JPMorgan Chase is gearing up to spend $500 million during the next five years to boost economic opportunities in cities around the country and some outside of the U.S.
Reuters, citing JPMorgan Chase, reported the program is based on its previous efforts to invest in urban renewal, including its $150 million investment it made in Detroit in 2014. Since then it has invested $40 million in Chicago and $25 million in Washington D.C., reported Reuters.
Half of the new money will come in the form of philanthropic grants, while the other half will provide low-cost, long-term development capital including to teach job skills, finance small businesses of minorities and women, help families with their financial issues and to overhaul neighborhoods. “Businesses can and must step up to help change the status quo by creating a better future for all, no matter where they live,” Chief Executive Jamie Dimon said in a statement, reported Reuters. “It is in our best interest and the right thing to do.”
According to the report, the program is aimed at making big investments in cities where the bank thinks there are the conditions for success. JPMorgan said it plans to name a global city that will get some of the funding outside of the U.S. The report noted that this time around, the bank put in place a formal process for cities to submit bids for the financing. It is looking for proof of collaboration between public and private interests to rebuild neighborhoods in the cities that it supports, noted the report. JPMorgan expects the $500 million will be matched by $1 billion in other capital, noted Reuters.
The new philanthropic program comes as JPMorgan is poised to become the largest U.S. bank. According to a recent Forbes report, JPMorgan is already the largest U.S. bank in terms of total assets, market capitalization and total deposits. With it handing out loans at a faster pace than its rivals, JPMorgan could soon become the leader in the U.S. banking industry. It’s also the largest investment bank and third-largest custody bank in the U.S.

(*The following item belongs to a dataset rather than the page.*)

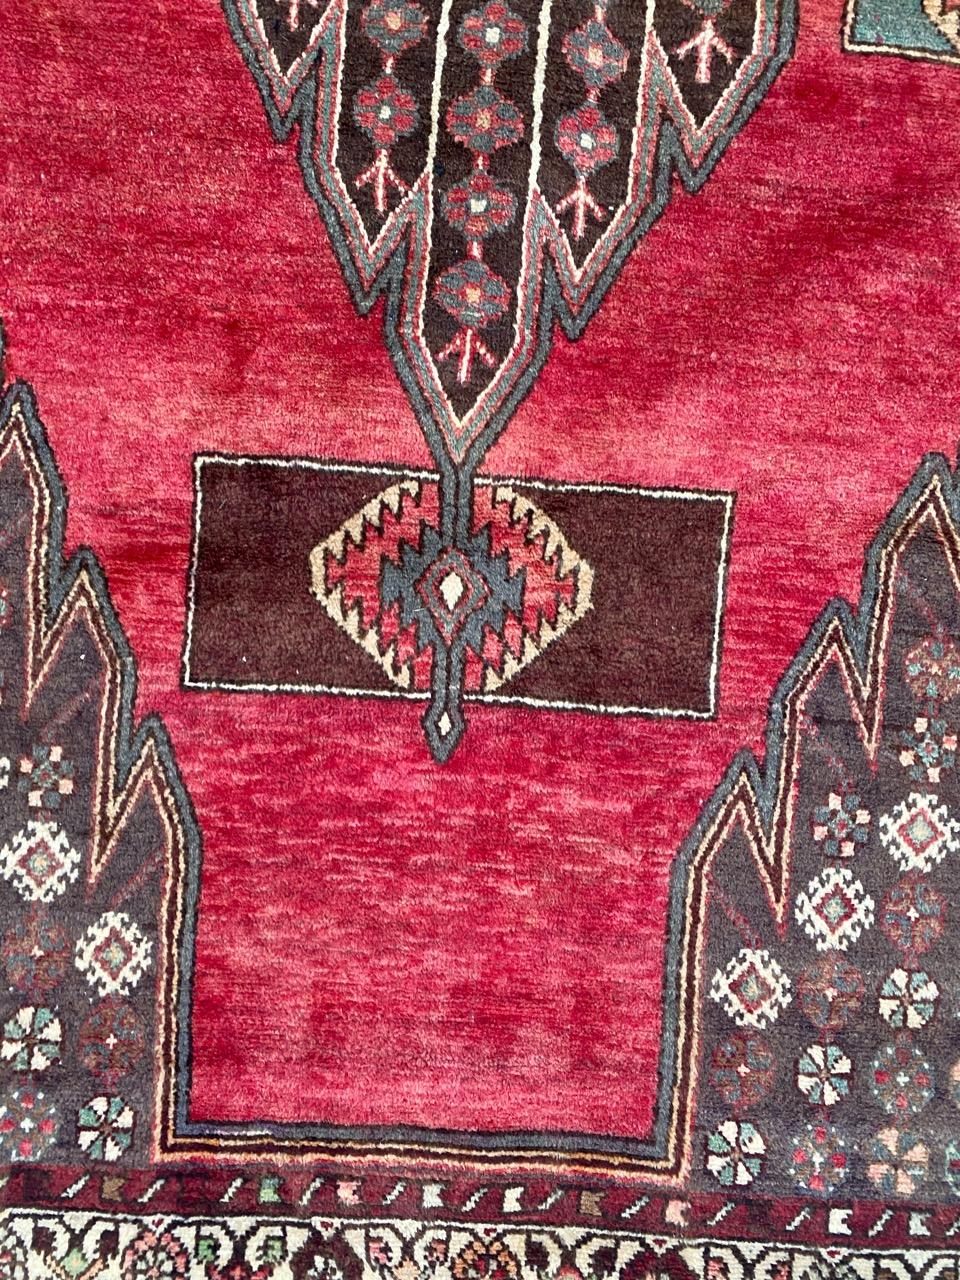 Midcentury Stammes-Teppich mit geometrischem Design und schönen Farben, komplett handgeknüpft mit Wolle Samt auf Baumwollbasis.

Data showed that the largest U.S. banks (Wells Fargo, JPMorgan, Bank of America, Citigroup and U.S. Bank) reported a combined loan portfolio of nearly $3.8 trillion worldwide in Q2 2018 — more than 38 percent of total loans handed out by all U.S. commercial banks. Citigroup’s growth in its loan portfolio was impressive, standing at 5.6 percent — more than the rate of loan growth across the industry, which is at 4.6 percent.